1The ATPase activity of the sarcoplasmic membranes and the phosphoryl transfer reaction from ATP to the membranes depend on the composition of their lipid phase.
2Lipid depletion leads to a drastic (∼ 60%) reduction of phosphoprotein formation. Oleate raises and lysolecithin decreases phosphoprotein formation. In absence of calcium and/or magnesium neither the native nor the delipidated vesicular preparations are phosphorylated.
3The ATPase activity of lipid-depleted vesicular preparations reactivated by oleate or lysolecithin and that of the preparation containing the lipid hydrolysis products after phospholipase A treatment reaches half-maximal activation at concentrations of ionized calcium between 0.2 and 0.3 μM. The maximal ATP-splitting rates, however, differ considerably.

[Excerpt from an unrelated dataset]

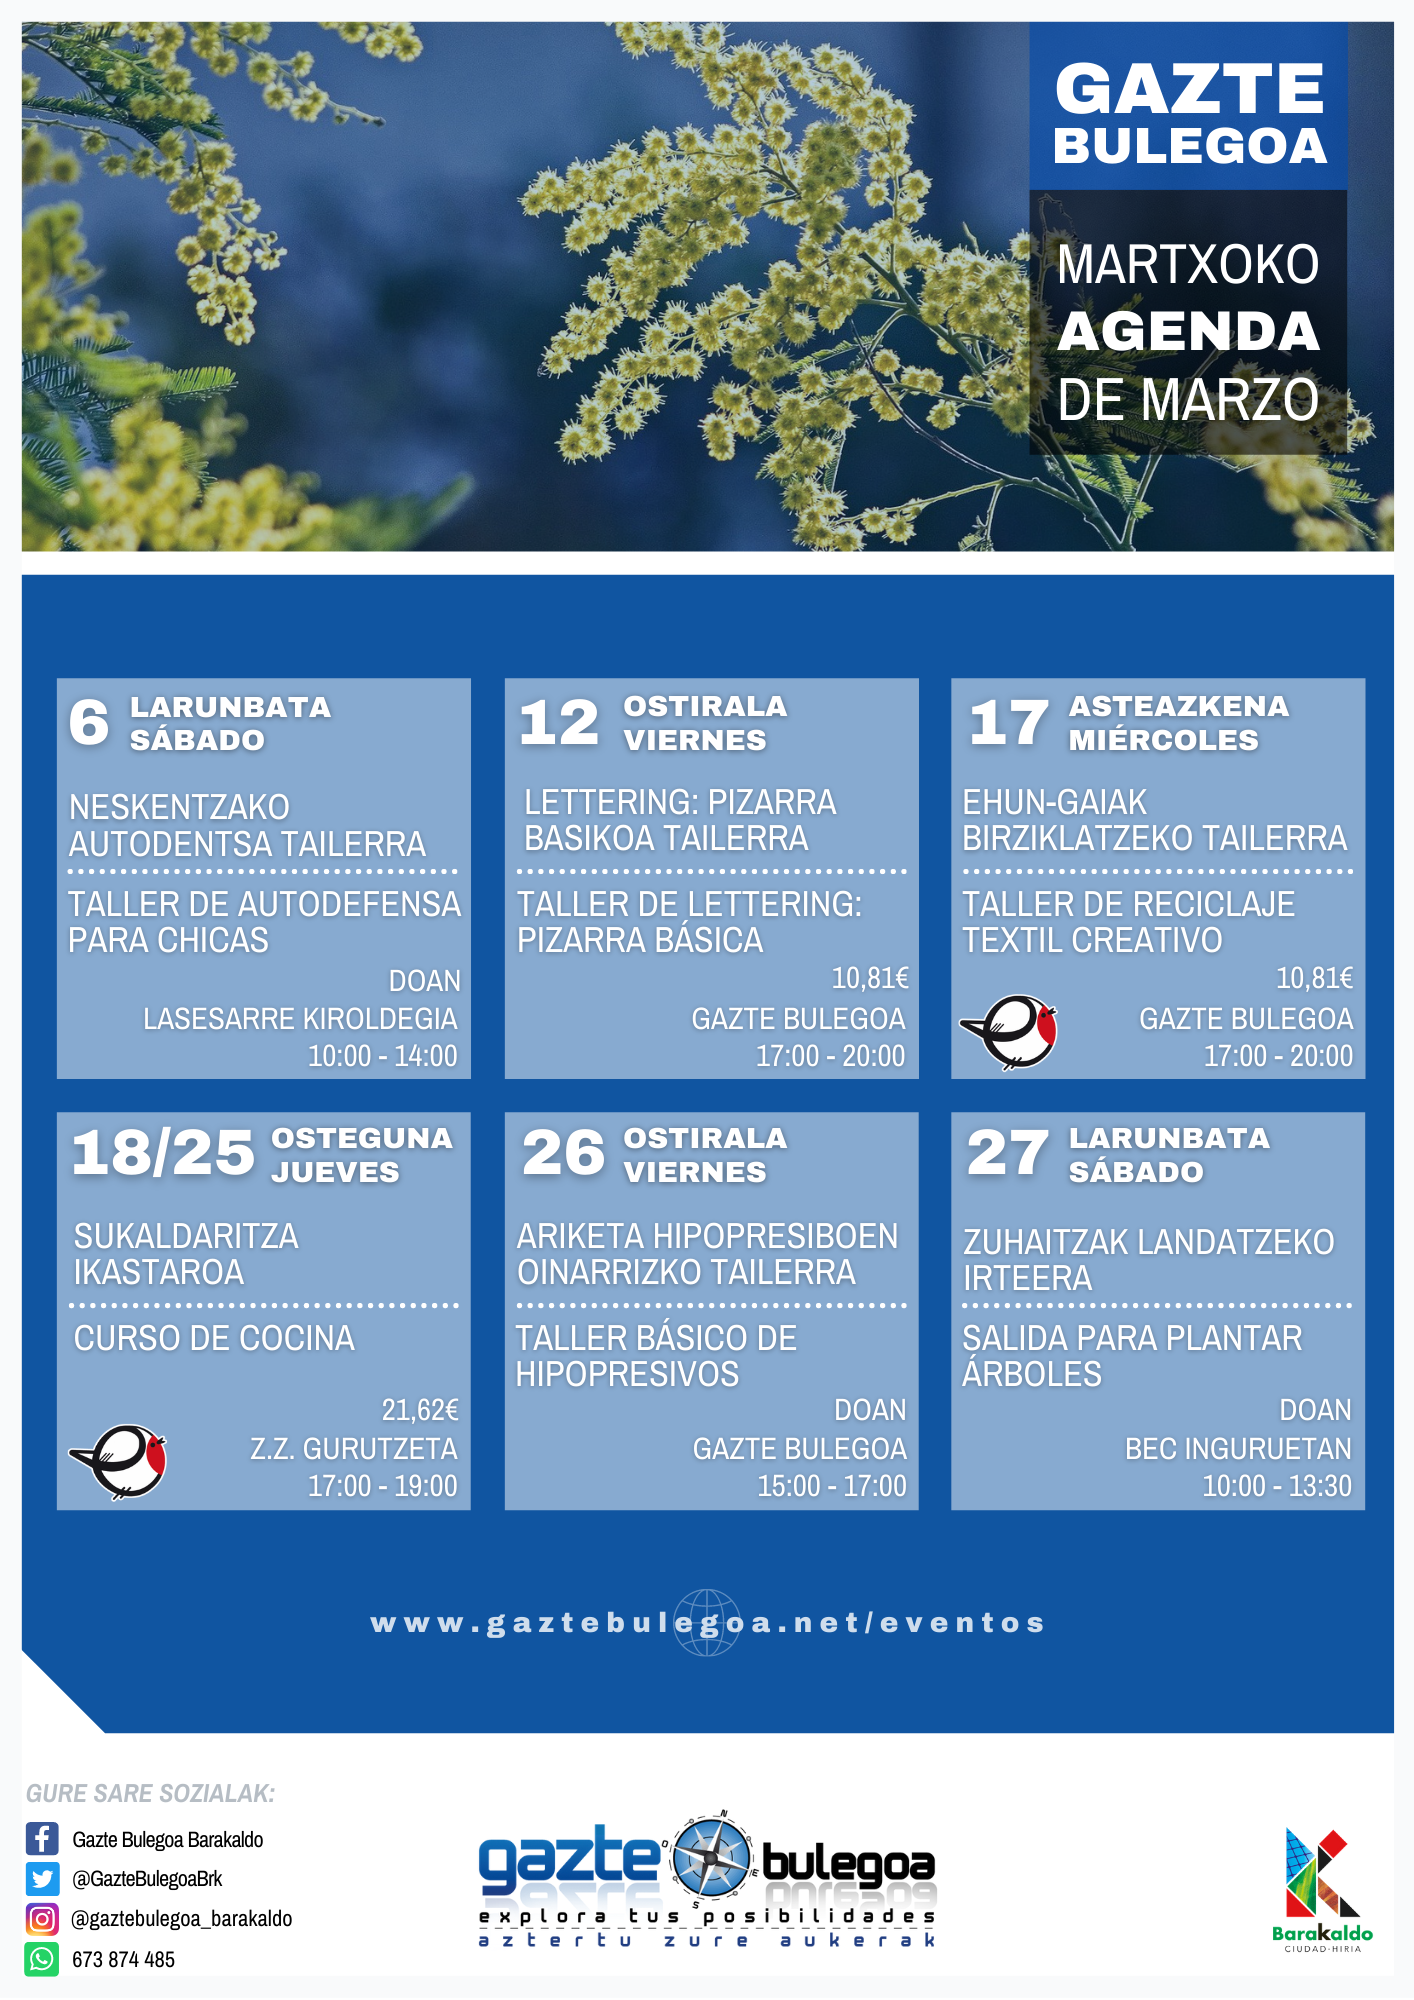 Calendario de Actividades de Gazte Bulegoa

4Half-maximum activation by Mg · ATP for the oleate and lysolecithin-reactivated ATPase is reached at 10 μM and 100 μM, respectively. The corresponding Hill coefficients are 0.5 and 0.6.
5For the oleate-reactivated ATPase an activation energy of about 35 kcal/mol has been calculated which is similar to that of the extra ATPase of native vesicles. The activation energy of the lysolecithin-reactivated ATPase is about 8 kcal lower.
6The ATPase activity of the reconstituted vesicular preparations shows an identical steep decline at pH values >7. An irreversible damage of the vesicular preparations at higher values could be excluded.
7The properties of the reconstituted sarcoplasmic ATPase are discussed in relation to the sarcoplasmic calcium transport.